Various further embodiments of the present disclosure relate to semiconductor processing systems including load lock arrangements. As set forth in more detail below, the semiconductor processing systems described herein can be used during the manufacture of electronic devices. Such load lock arrangements can reduce complexity and/or cost of manufacturing devices.

In one aspect, a semiconductor processing system includes a load lock arrangement including a load lock body, a substrate stage housed within the load lock body, and a temperature control assembly including at a proximal end a temperature regulating head located within the load lock body and at a distal end a coupling connected to an elevator for raising and lowering the temperature regulating head, the distal end extending laterally through a side aperture located in a side face of the load lock body such that the distal end is located outside of the load lock body. In such examples, the semiconductor processing system can further include a flexible sealing mechanism connected between the side face of the load lock body and the temperature control assembly, the flexible sealing mechanism maintaining an environment within the load lock body during the movement of the temperature regulating head. In such examples, the semiconductor processing system can further include a back-end transfer module connected to a rear face of the load lock body, the back-end transfer module coupling a process module to the load lock arrangement. In such examples, the semiconductor process system can further include an equipment front-end module connected to a front face of the load lock body, the equipment front-end module housing a front-end substrate transfer robot. In such examples, the elevator is configured for lowering the temperature regulating head to allow the front-end substrate transfer robot to load/unload a substrate and raises the temperature regulating head to position the temperature regulating head proximate to the substrate stage to provide at least one of heating and cooling to a substrate seated on the substrate stage.

In accordance with examples of the disclosure, the semiconductor processing apparatus may also include where the load lock body further includes an upper load lock chamber and a lower load lock chamber, the temperature control assembly being partially disposed within the upper load lock chamber. Other technical features may be readily apparent to one skilled in the art from the following figures, descriptions, and claims.

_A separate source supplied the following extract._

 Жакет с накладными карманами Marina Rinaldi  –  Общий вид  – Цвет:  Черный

In accordance with examples of the disclosure, the semiconductor processing apparatus may further include an additional temperature control assembly partially disposed within the lower load lock chamber and coupled to a lower elevator for providing vertical displacement to the additional temperature control assembly. Other technical features may be readily apparent to one skilled in the art from the following figures, descriptions, and claims.

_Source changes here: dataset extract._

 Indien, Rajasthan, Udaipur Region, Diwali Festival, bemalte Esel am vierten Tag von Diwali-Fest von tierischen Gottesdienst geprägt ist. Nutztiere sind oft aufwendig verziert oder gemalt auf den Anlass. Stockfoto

Various further embodiments of the present disclosure relate to methods for regulating the temperature of a substrate within a load lock arrangement. As set forth in more detail below, the methods described herein can be used during the manufacture of electronic devices. Such methods can reduce complexity and/or cost of manufacturing devices.

In one aspect, a method of regulating the temperature of a substrate within a load lock arrangement includes, at a load lock body housing a substrate stage, the substrate stage including an upper stage surface and a lower stage surface, the upper stage surface configured for retaining a substrate at a retaining location within the load lock body. In such examples the method can further include lowering a vertical position of a temperature control assembly partially disposed within the load lock body to a load/unload position, the unload/load position being distal from the lower stage surface. In such examples the method can further include seating a process substrate on the upper stage surface at the retaining location, and raising the vertical position of the temperature control assembly to a substrate temperature regulating position proximate to the lower stage surface to enable at least one of heating and cooling to the substrate positioned at the retaining location, where lowering and raising of the temperature control assembly is implemented by an elevator coupled to a distal portion of the temperature control assembly extending outside of the load lock body through an aperture located in a side face of the load lock body.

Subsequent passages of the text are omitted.